### Assignment:
Pictures aside, write out the data exactly as it reads.

:: Supplied material ::

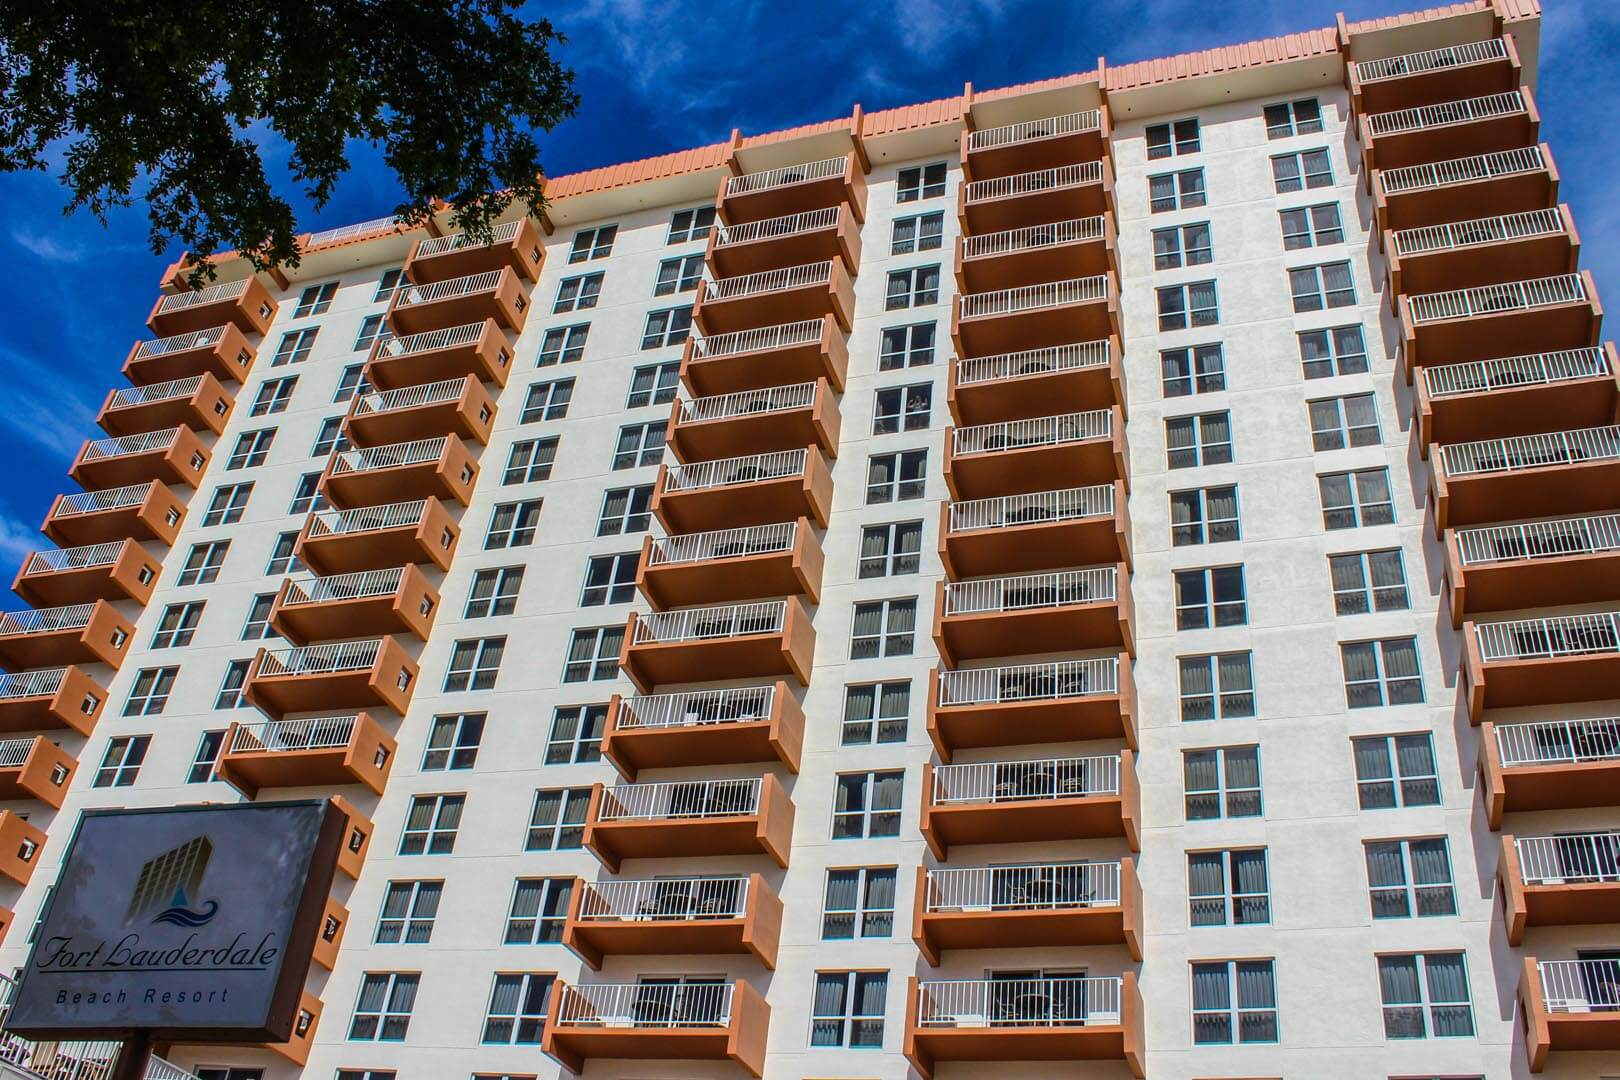 Ft Lauderdale Beach Resort Club Building
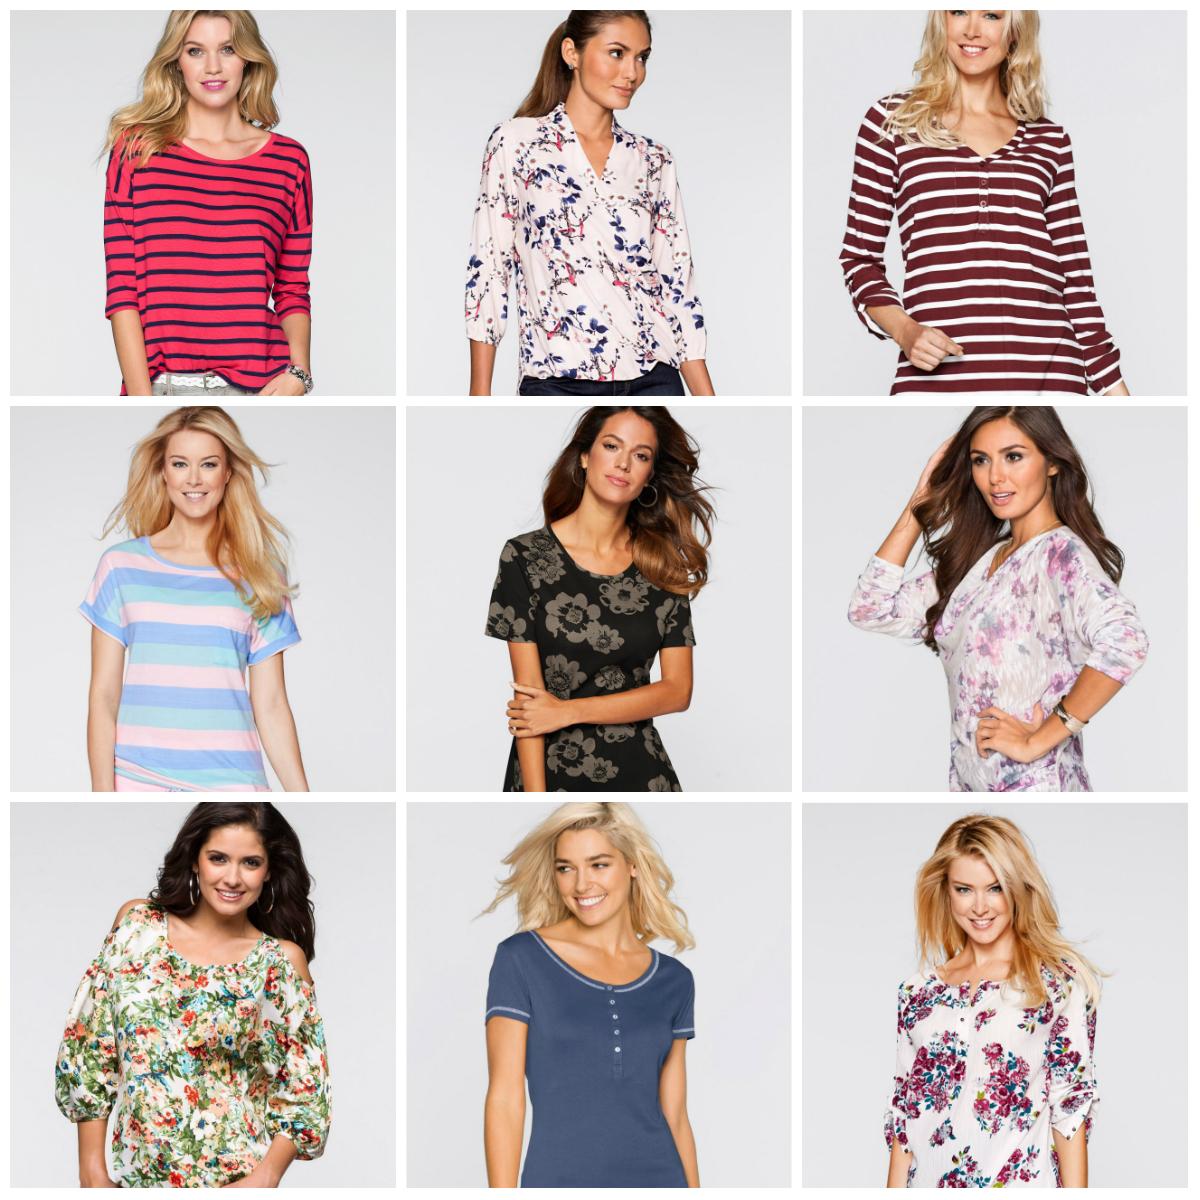 Bluze si tricouri online pentru primavara 2016
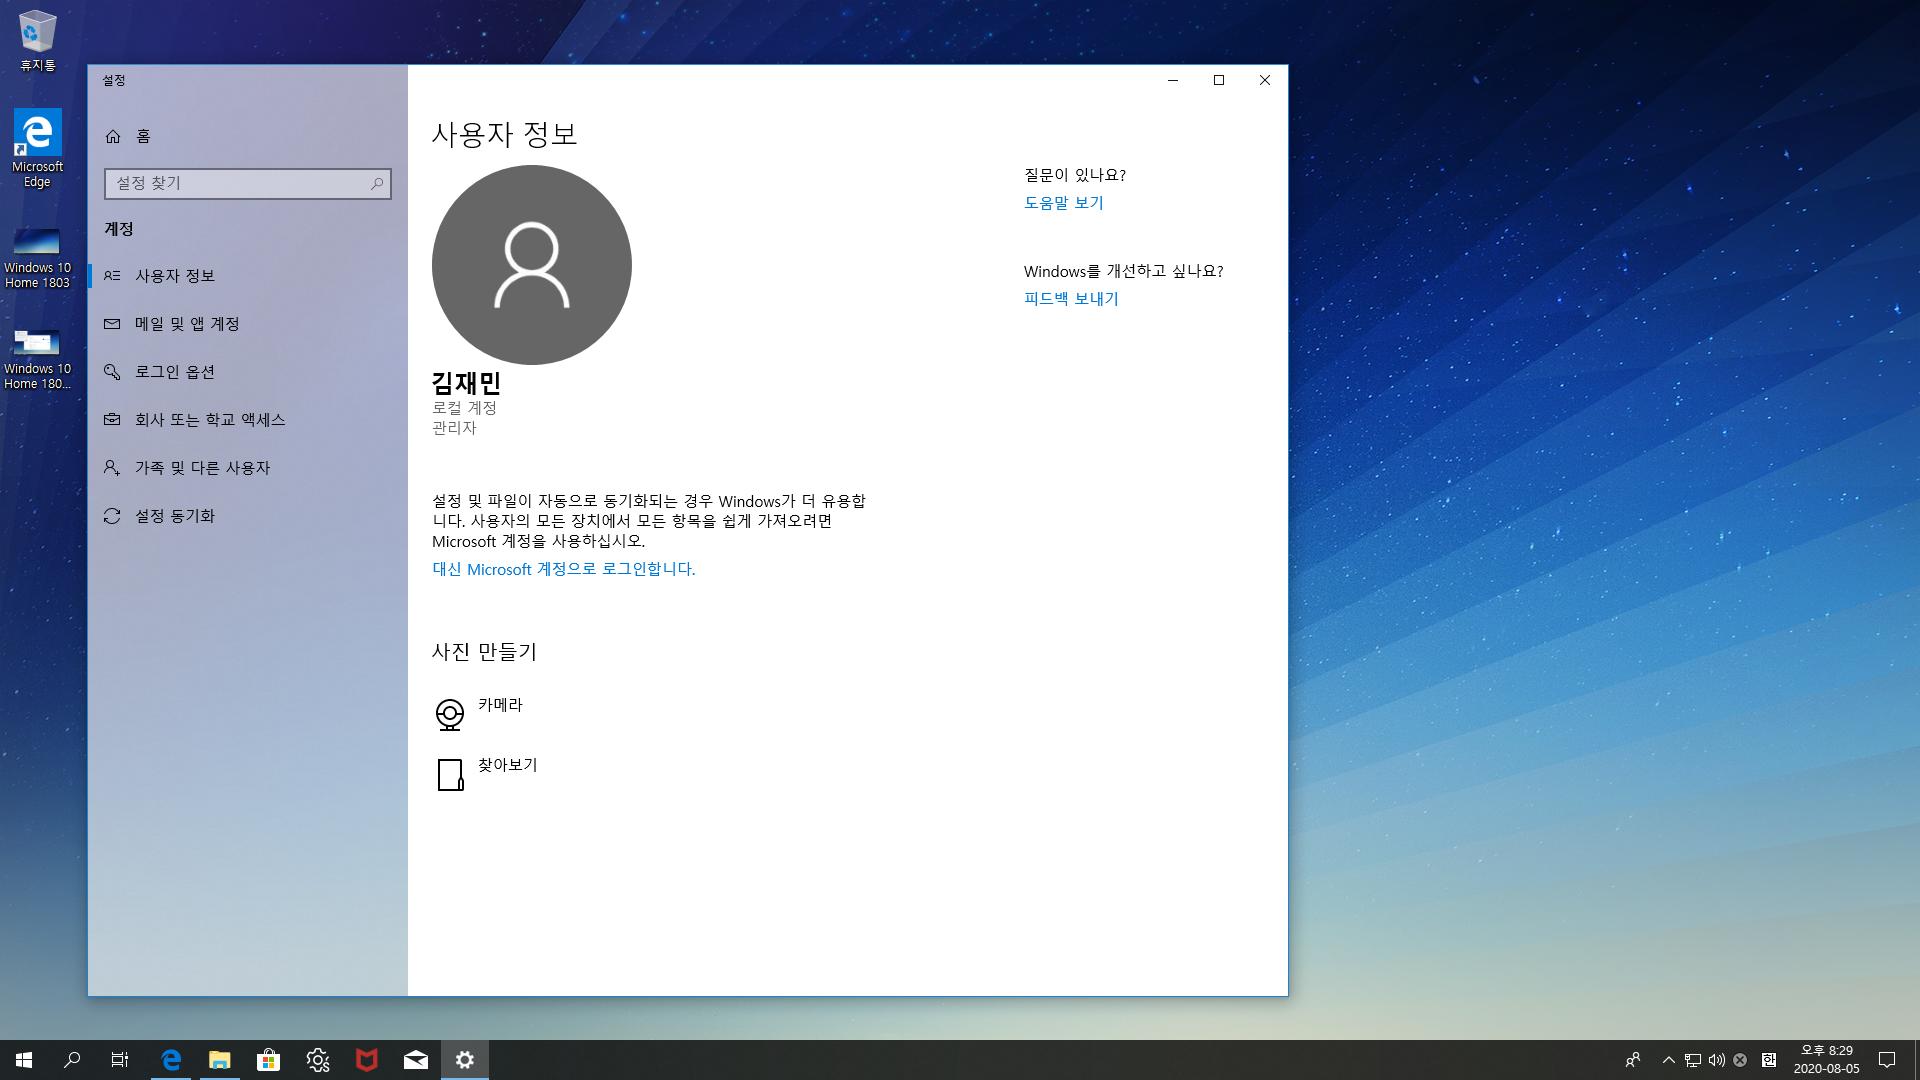 Windows 10 Home 1803 사용자 정보.png
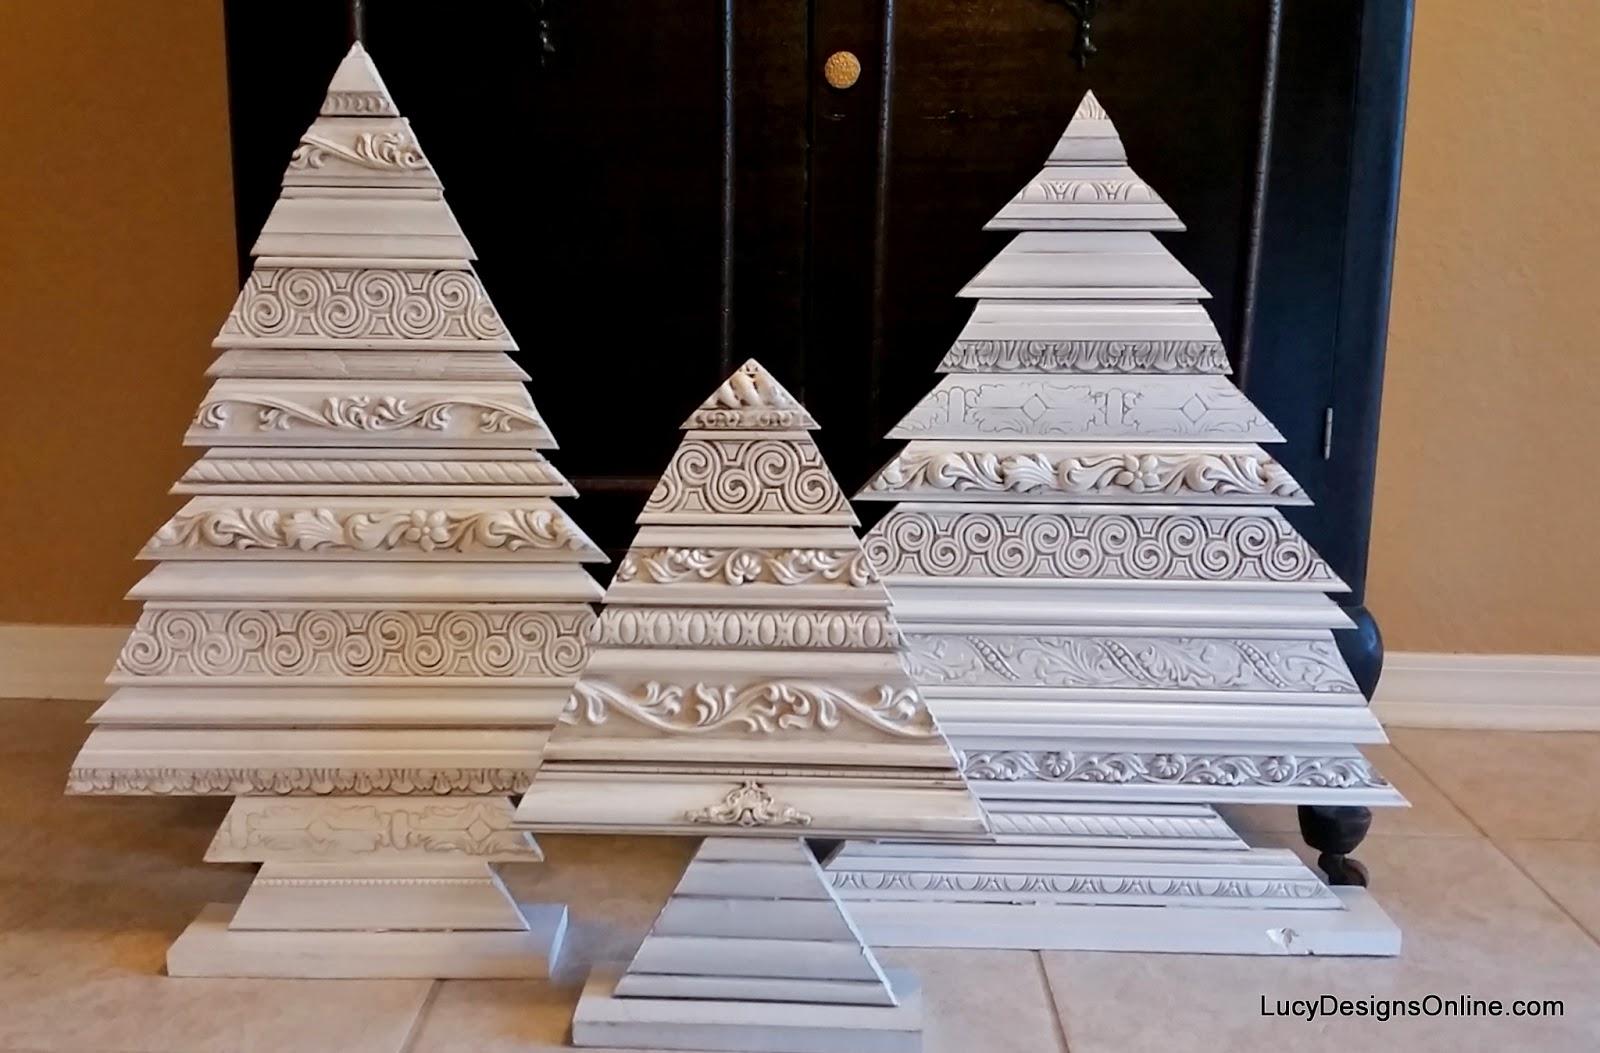 alternative christmas tree set, wood art tree sculptures using

:::

### Task output:
 Ft Lauderdale Beach Resort Club Building
 Bluze si tricouri online pentru primavara 2016
 Windows 10 Home 1803 사용자 정보.png
 alternative christmas tree set, wood art tree sculptures using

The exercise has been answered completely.